Computing ELBO is challenging, when \(b\) is large!

ELBO is not explicitly computed…. instead MC estimate of gradient of ELBO w.r.t variational param \(\theta\)

Found that **discretely relaxing continuous latent variable priors can improve training and inference performance when using our proposed DIRECT technique which computes the ELBO( & its gradient ) directly **

Since discrete…

reparameterixation trick (X)
REINFORCE (O) … but higher variance

\(\rightarrow\) proposed DIRECT trains much faster!

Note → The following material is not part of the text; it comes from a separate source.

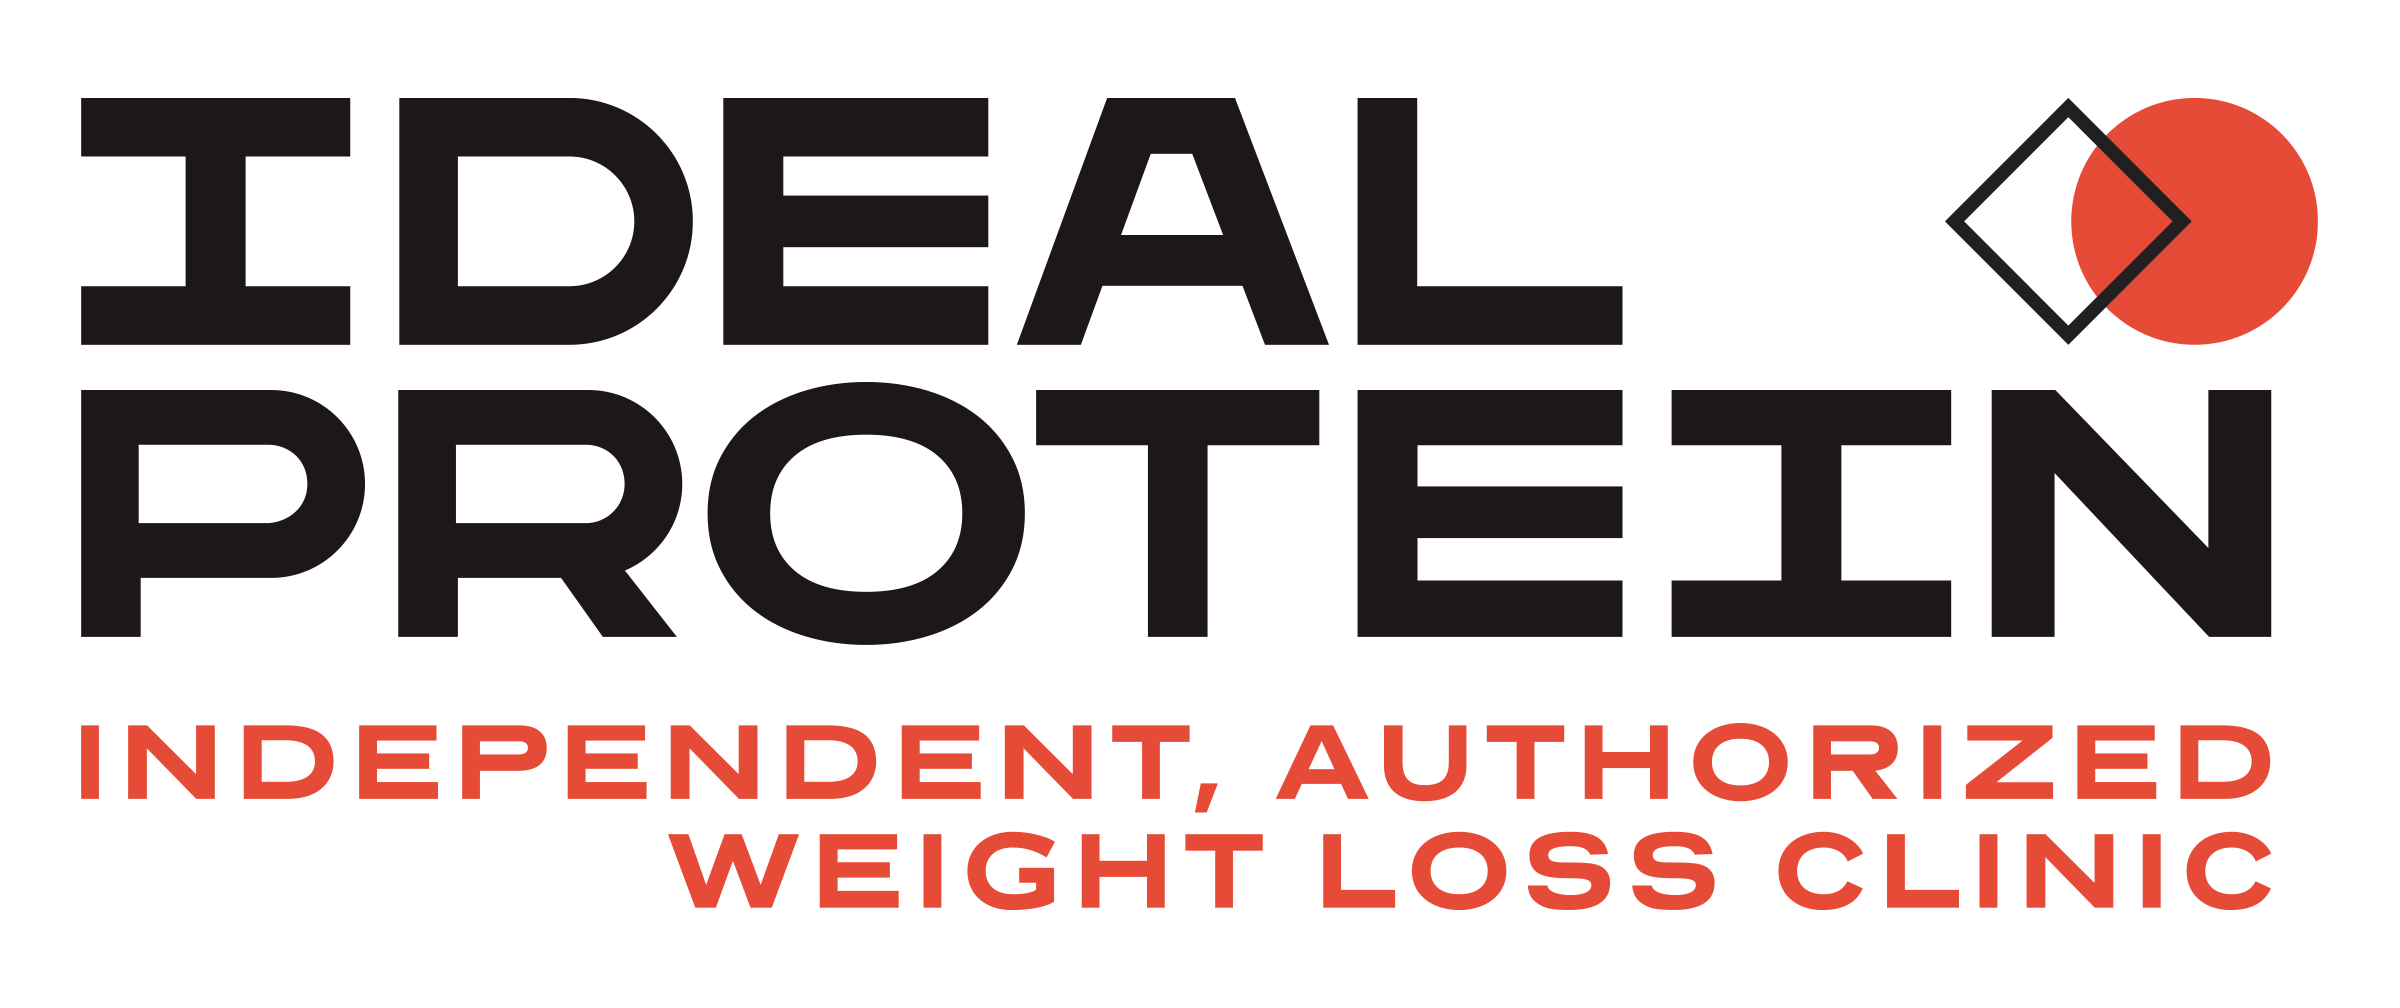 Ideal Protein Weight Loss Clinic
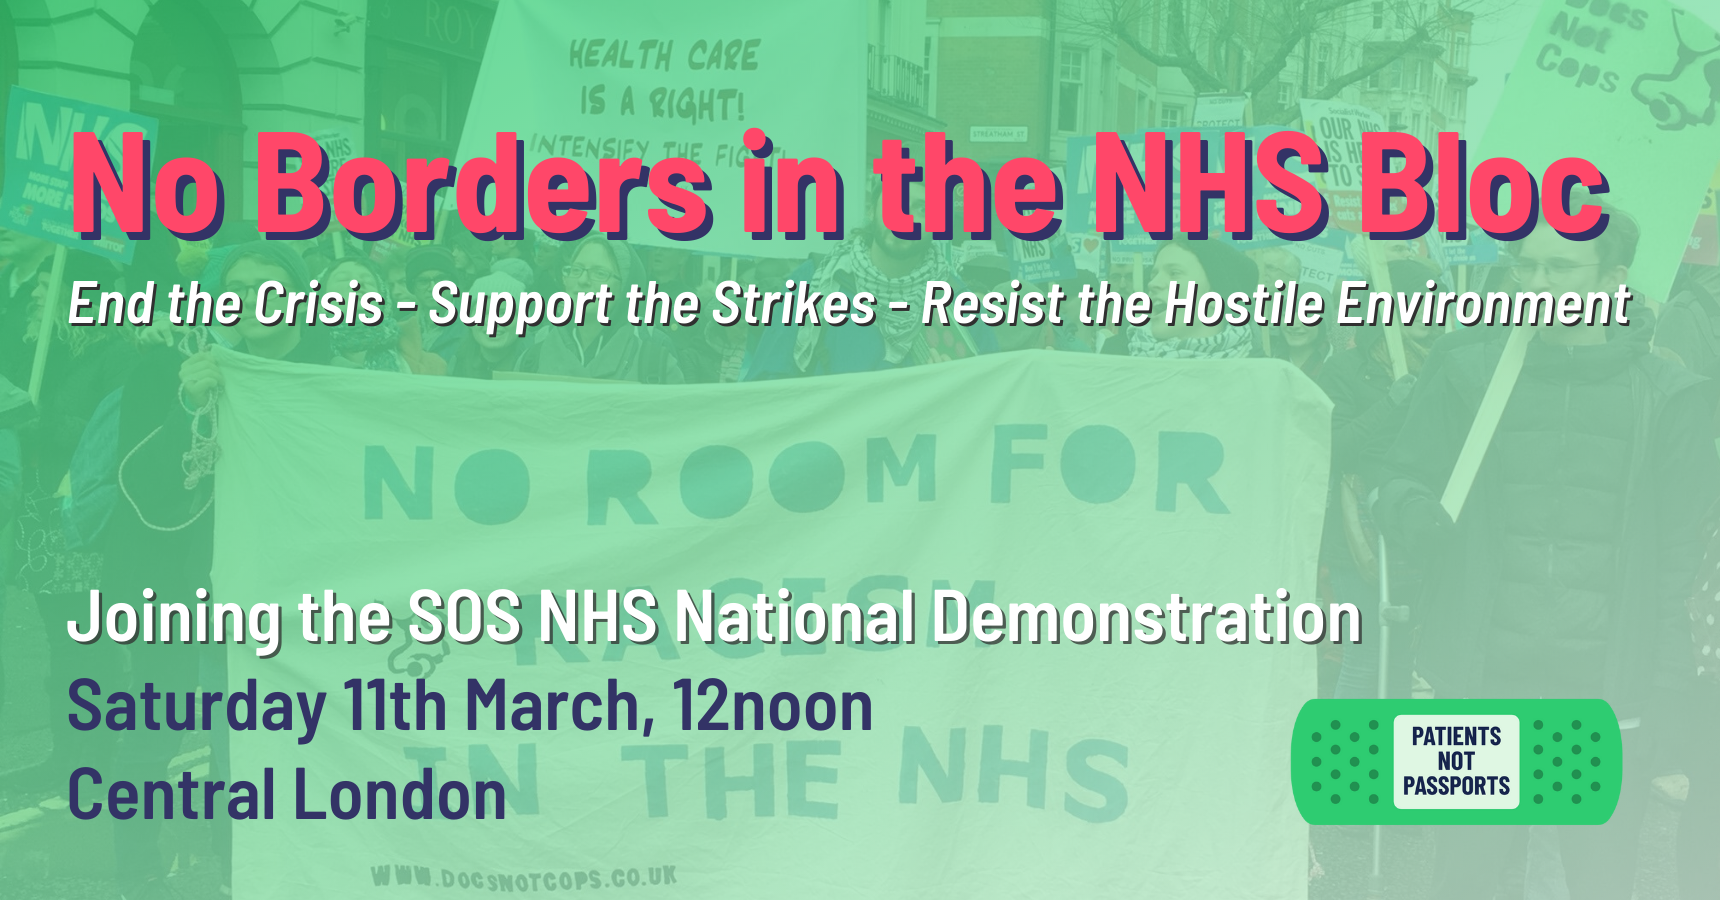 No Borders in the NHS Bloc: End the Crisis - Support the Strikes - Resist the Hostile Environment. Joining the SOS NHS National Demonstration. Saturday 11th March, 12noon. Central London

3. DIRECT : Efficient ELBO Computations with Kronecker Matrix Algebra

DIRECT : allows to efficiently & exactly compute ELBO

several advantages over existing SVI techniques
consider a discrete prior over our latent variables,

whose support set \(\mathbf{W}\) forms a Cartesian tensor product grid

\(\mathbf{W}=\left(\begin{array}{ccccccc} \overline{\mathbf{w}}_{1}^{T} & \otimes & \mathbf{1}_{\bar{m}}^{T} & \otimes & \cdots & \otimes & \mathbf{1}_{\bar{m}}^{T} \\ \mathbf{1}_{\bar{m}}^{T} & \otimes & \overline{\mathbf{w}}_{2}^{T} & \otimes & \cdots & \otimes & \mathbf{1}_{\bar{m}}^{T} \\ \vdots & & \vdots & & \ddots & & \vdots \\ \mathbf{1}_{\bar{m}}^{T} & \otimes & \mathbf{1}_{\bar{m}}^{T} & \otimes & \cdots & \otimes & \overline{\mathbf{w}}_{b}^{T} \end{array}\right),\).

\(1_{\bar{m}} \in \mathbb{R}^{\bar{m}}\) denotes a vector of ones
\(\overline{\mathrm{w}}_{i} \in \mathbb{R}^{\bar{m}}\) contains the \(\bar{m}\) discrete values that the \(i\) th latent variable \(w_{i}\) can take
\[m=\bar{m}^{b}\]
\(\otimes\) denotes the Kronecker product

number of columns of \(\mathbf{W} \in \mathbb{R}^{b \times \bar{m}^{b}}\) increases exponentially with respect to \(b\) ….intractable for large \(b\)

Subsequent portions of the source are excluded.